*** Exercise data Section Begins ***
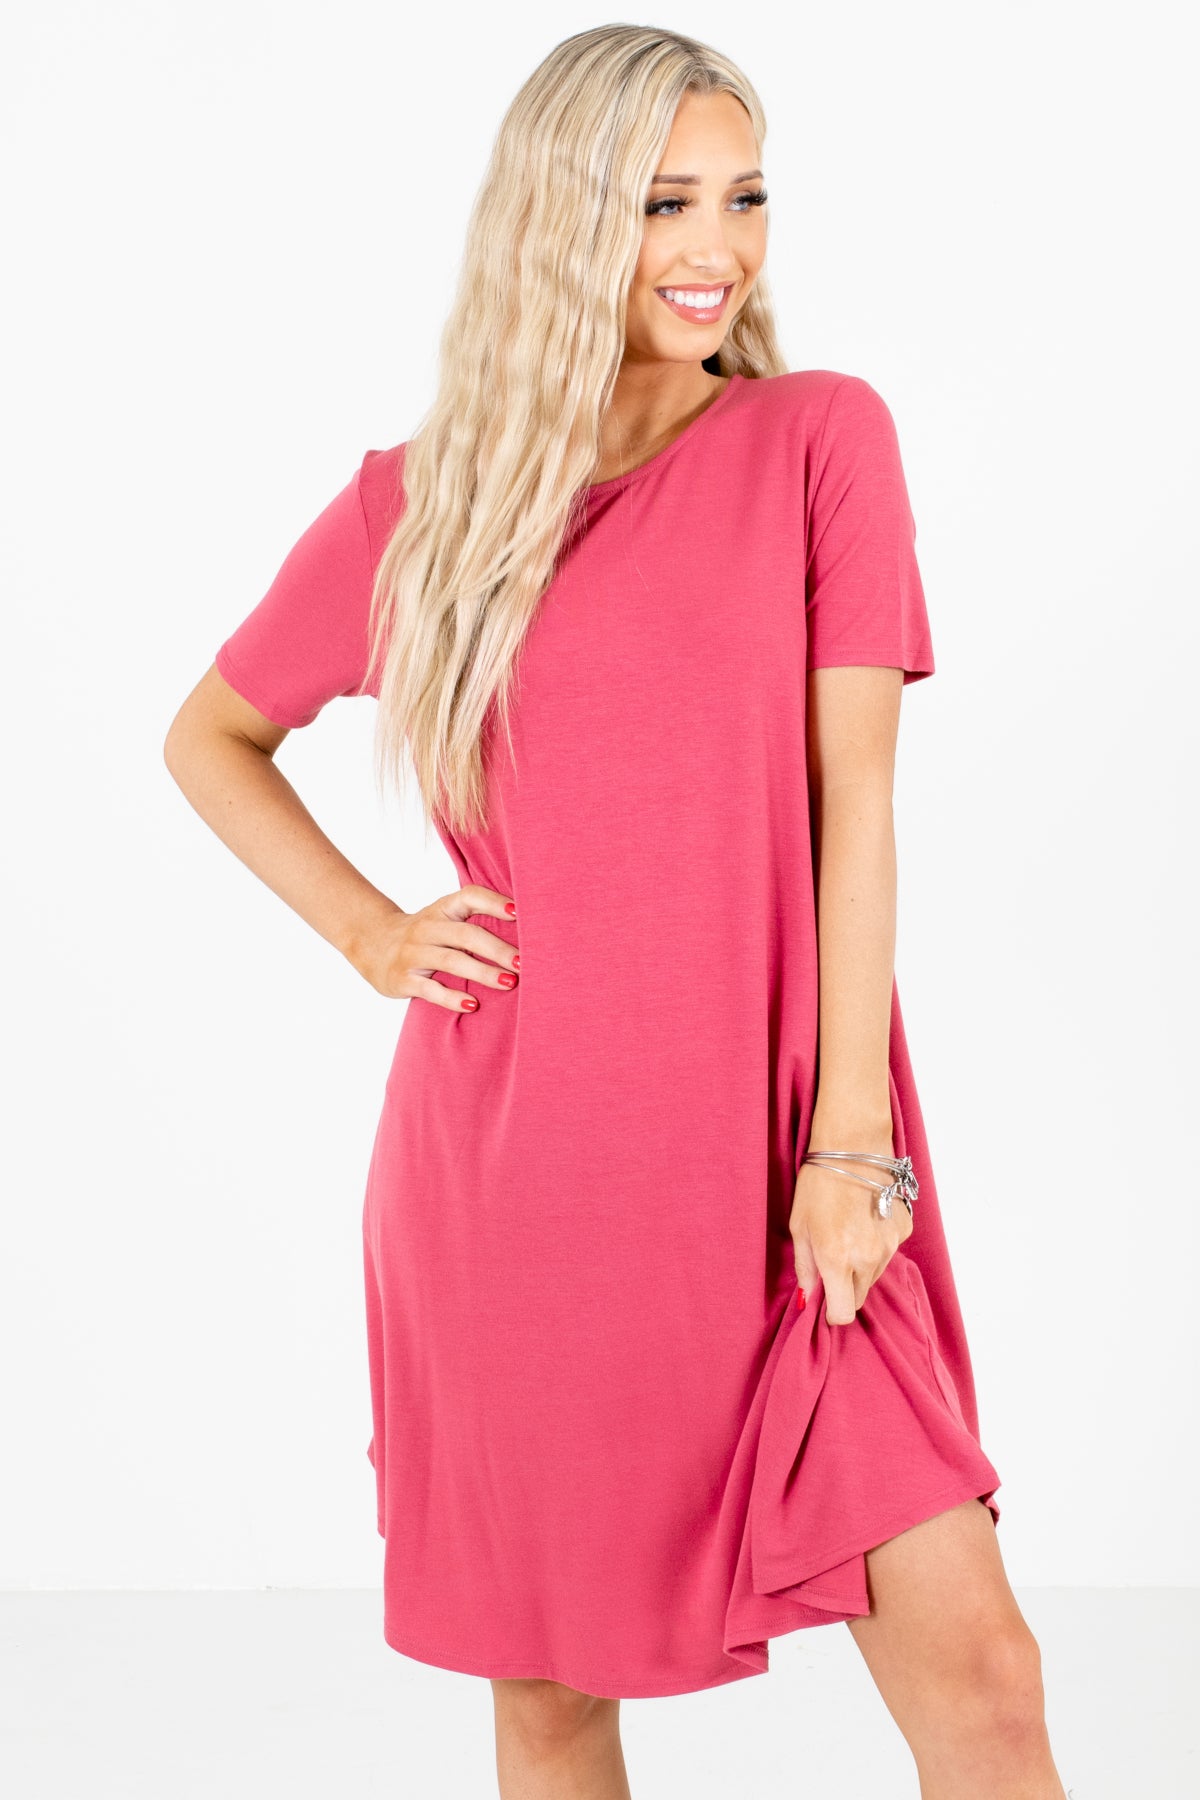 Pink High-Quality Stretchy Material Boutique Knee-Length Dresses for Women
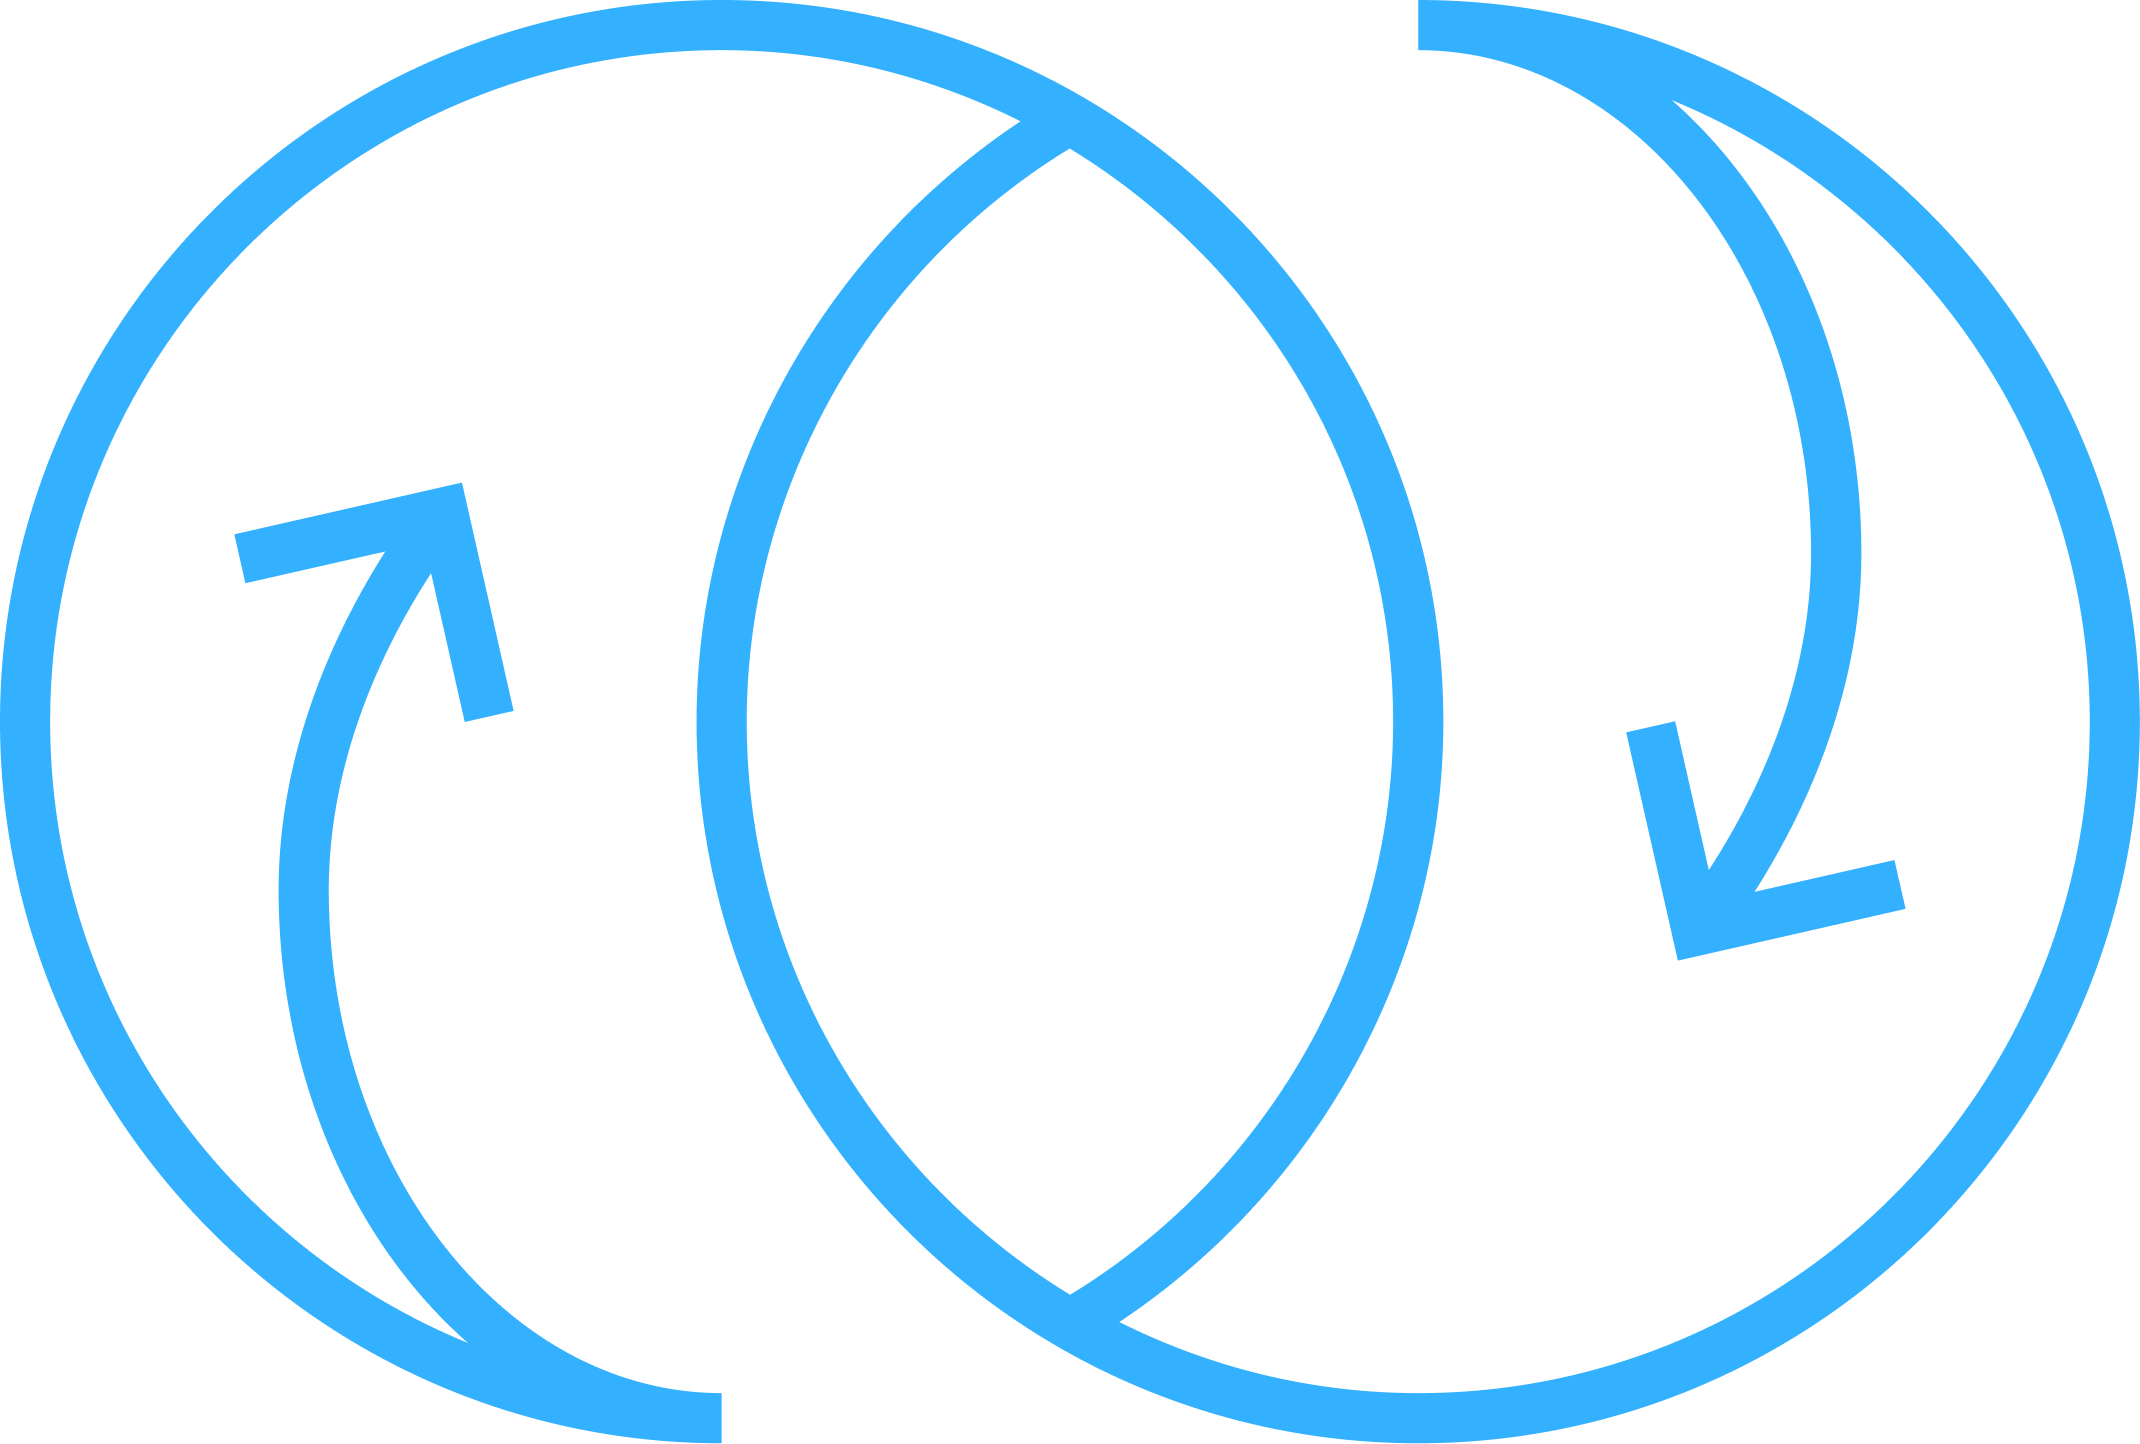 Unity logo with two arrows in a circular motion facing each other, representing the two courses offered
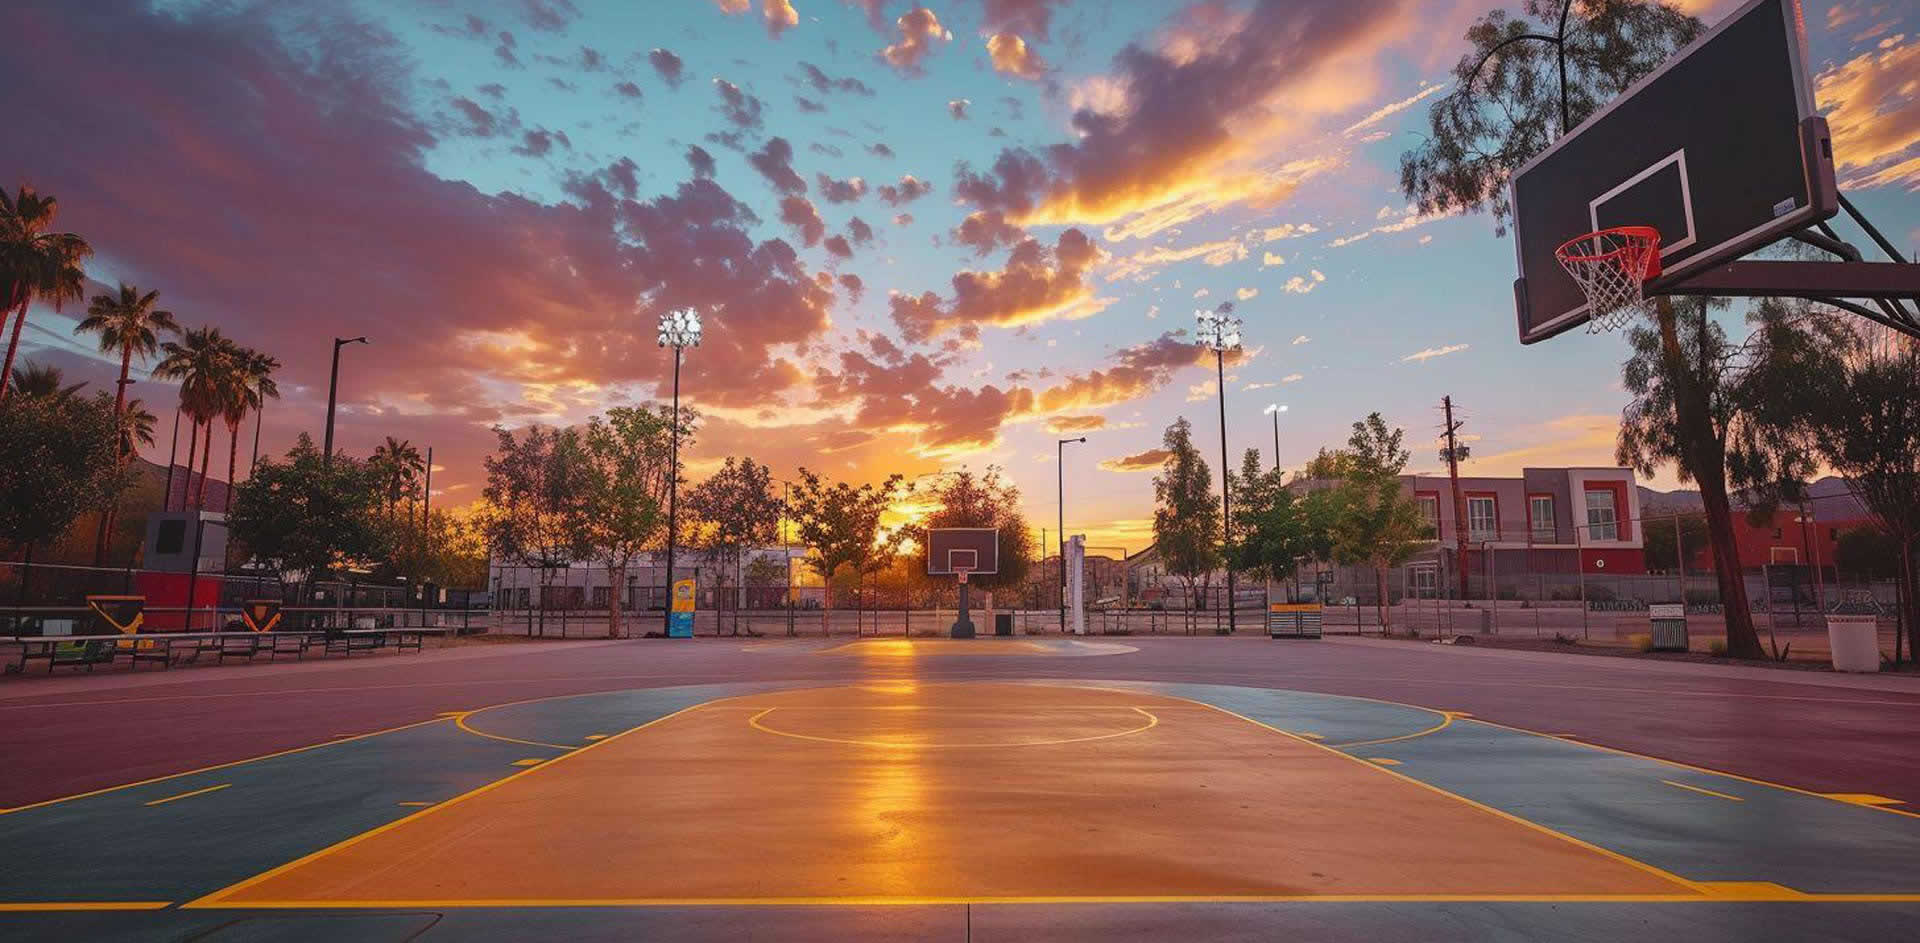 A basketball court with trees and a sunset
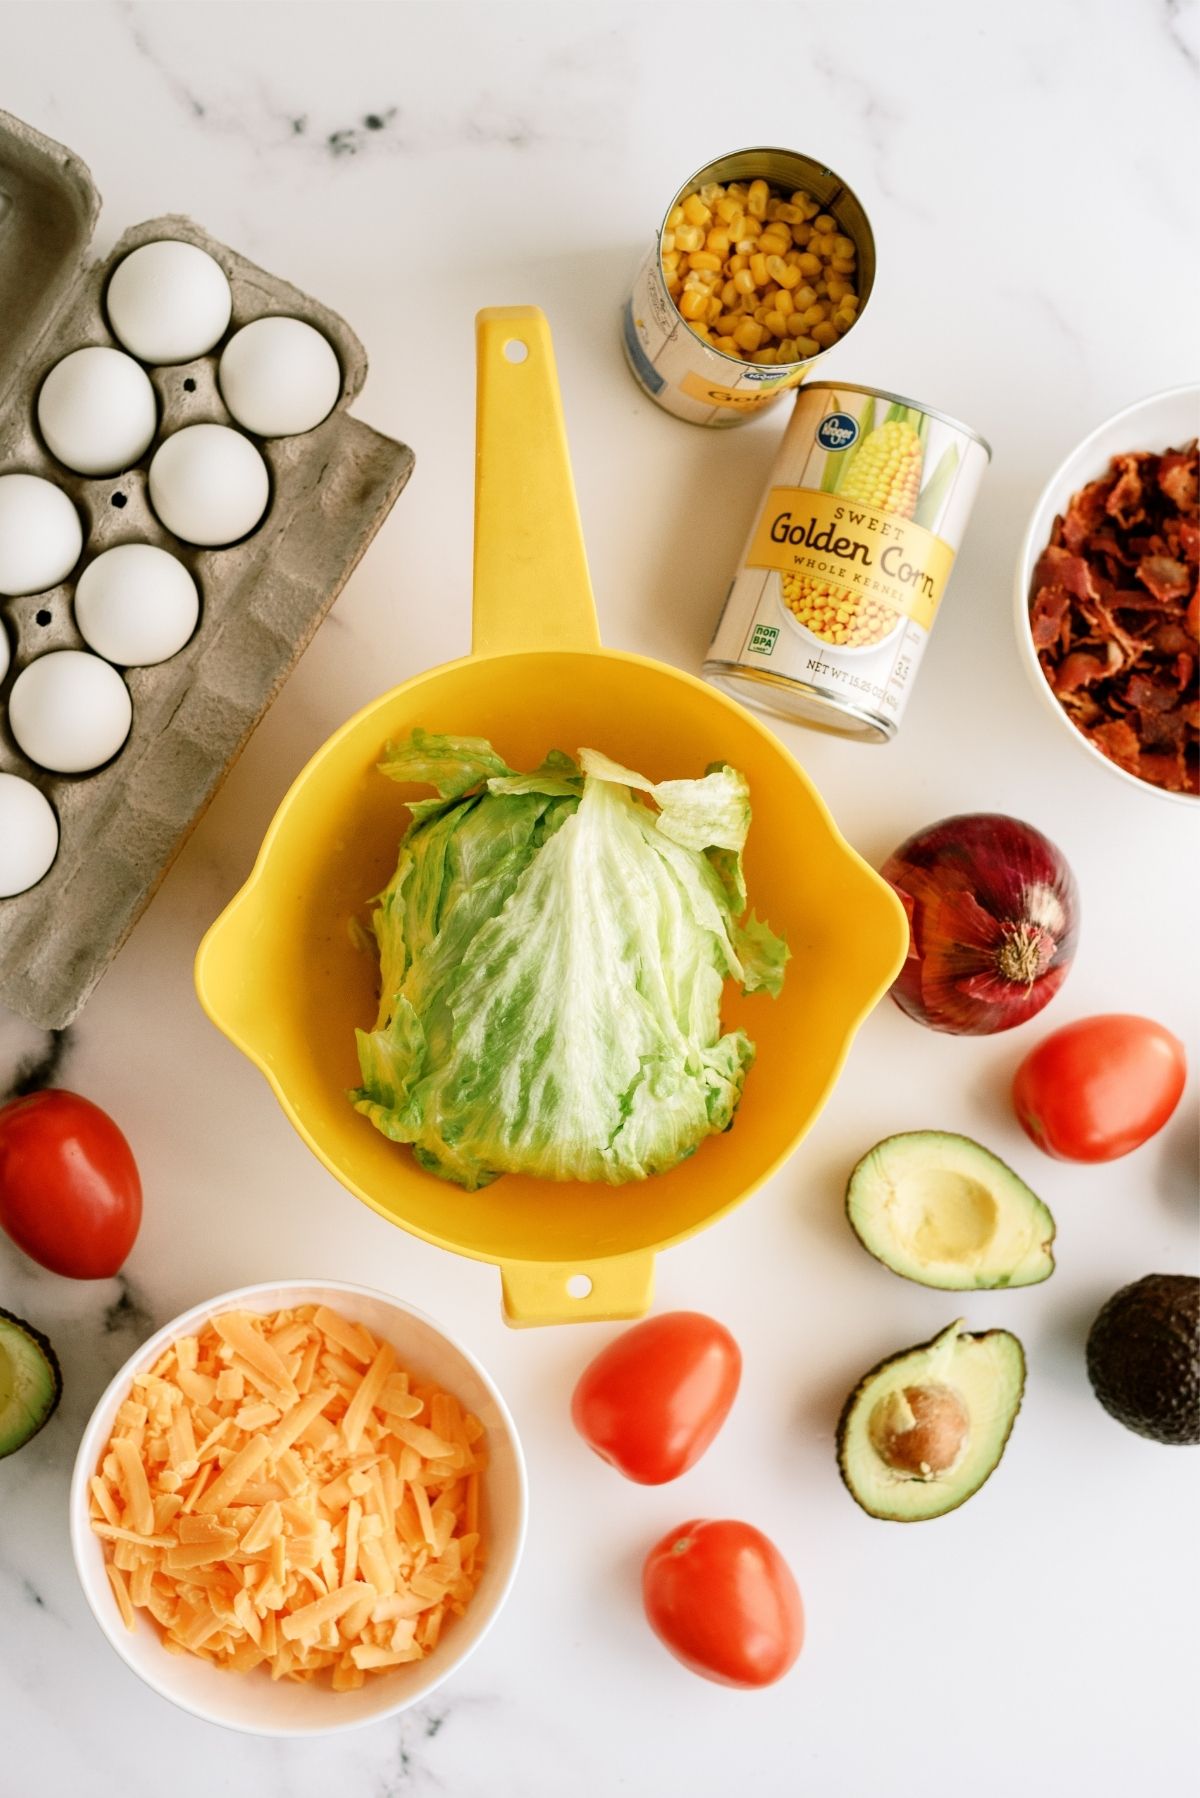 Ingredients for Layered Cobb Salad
*** Exercise data Section Ends ***
:: Exercise objective ::
An exact, image-free transcript of the material is required.

:: Reply to the exercise ::
 Pink High-Quality Stretchy Material Boutique Knee-Length Dresses for Women
 Unity logo with two arrows in a circular motion facing each other, representing the two courses offered
 A basketball court with trees and a sunset
 Ingredients for Layered Cobb Salad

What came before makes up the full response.